Print the data below exactly, but only the lines from the one containing "LV Nice Bb Monogram" down to the one containing "2 Packs Men's", inclusive.

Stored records

----

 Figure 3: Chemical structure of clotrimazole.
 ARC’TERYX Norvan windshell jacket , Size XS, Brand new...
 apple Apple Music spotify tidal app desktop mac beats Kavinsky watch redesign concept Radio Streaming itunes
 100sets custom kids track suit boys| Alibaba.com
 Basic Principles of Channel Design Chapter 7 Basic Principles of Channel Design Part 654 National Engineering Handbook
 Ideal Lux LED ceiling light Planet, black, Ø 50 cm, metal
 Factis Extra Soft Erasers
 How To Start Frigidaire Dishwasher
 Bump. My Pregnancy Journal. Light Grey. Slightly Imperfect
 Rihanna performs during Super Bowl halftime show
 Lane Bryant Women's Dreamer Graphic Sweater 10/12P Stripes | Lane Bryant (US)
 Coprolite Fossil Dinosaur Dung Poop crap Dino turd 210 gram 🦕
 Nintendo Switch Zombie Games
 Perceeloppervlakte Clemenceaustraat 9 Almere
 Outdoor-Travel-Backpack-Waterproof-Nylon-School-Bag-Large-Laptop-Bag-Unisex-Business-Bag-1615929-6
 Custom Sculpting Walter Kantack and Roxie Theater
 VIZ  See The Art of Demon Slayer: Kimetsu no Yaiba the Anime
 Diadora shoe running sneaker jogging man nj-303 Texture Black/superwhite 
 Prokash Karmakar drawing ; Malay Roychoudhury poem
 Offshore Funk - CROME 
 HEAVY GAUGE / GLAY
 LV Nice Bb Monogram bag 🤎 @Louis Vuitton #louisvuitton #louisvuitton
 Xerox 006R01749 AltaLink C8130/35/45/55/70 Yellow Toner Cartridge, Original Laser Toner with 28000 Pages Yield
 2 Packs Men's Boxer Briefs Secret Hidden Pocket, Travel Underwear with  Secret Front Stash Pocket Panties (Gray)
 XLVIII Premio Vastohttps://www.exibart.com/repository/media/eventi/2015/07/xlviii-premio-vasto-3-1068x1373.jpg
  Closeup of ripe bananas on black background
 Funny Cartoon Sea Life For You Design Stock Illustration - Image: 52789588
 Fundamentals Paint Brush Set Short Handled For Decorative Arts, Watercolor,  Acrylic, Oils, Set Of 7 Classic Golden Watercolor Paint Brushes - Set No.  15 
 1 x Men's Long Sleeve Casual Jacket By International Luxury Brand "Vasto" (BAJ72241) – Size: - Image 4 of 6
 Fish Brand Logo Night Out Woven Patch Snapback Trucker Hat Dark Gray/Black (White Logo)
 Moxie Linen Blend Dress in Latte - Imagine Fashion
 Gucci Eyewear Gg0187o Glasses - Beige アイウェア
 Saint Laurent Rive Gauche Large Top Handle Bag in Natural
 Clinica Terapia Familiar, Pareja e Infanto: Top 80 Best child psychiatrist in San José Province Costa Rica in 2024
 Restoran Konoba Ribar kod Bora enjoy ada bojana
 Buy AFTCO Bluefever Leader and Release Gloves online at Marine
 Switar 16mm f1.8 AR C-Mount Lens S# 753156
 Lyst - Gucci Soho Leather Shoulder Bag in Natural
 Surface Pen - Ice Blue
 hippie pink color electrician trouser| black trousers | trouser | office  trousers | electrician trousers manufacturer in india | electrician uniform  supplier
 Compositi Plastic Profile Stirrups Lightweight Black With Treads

----

_ANSWER TO THIS TASK_:
 LV Nice Bb Monogram bag 🤎 @Louis Vuitton #louisvuitton #louisvuitton
 Xerox 006R01749 AltaLink C8130/35/45/55/70 Yellow Toner Cartridge, Original Laser Toner with 28000 Pages Yield
 2 Packs Men's Boxer Briefs Secret Hidden Pocket, Travel Underwear with  Secret Front Stash Pocket Panties (Gray)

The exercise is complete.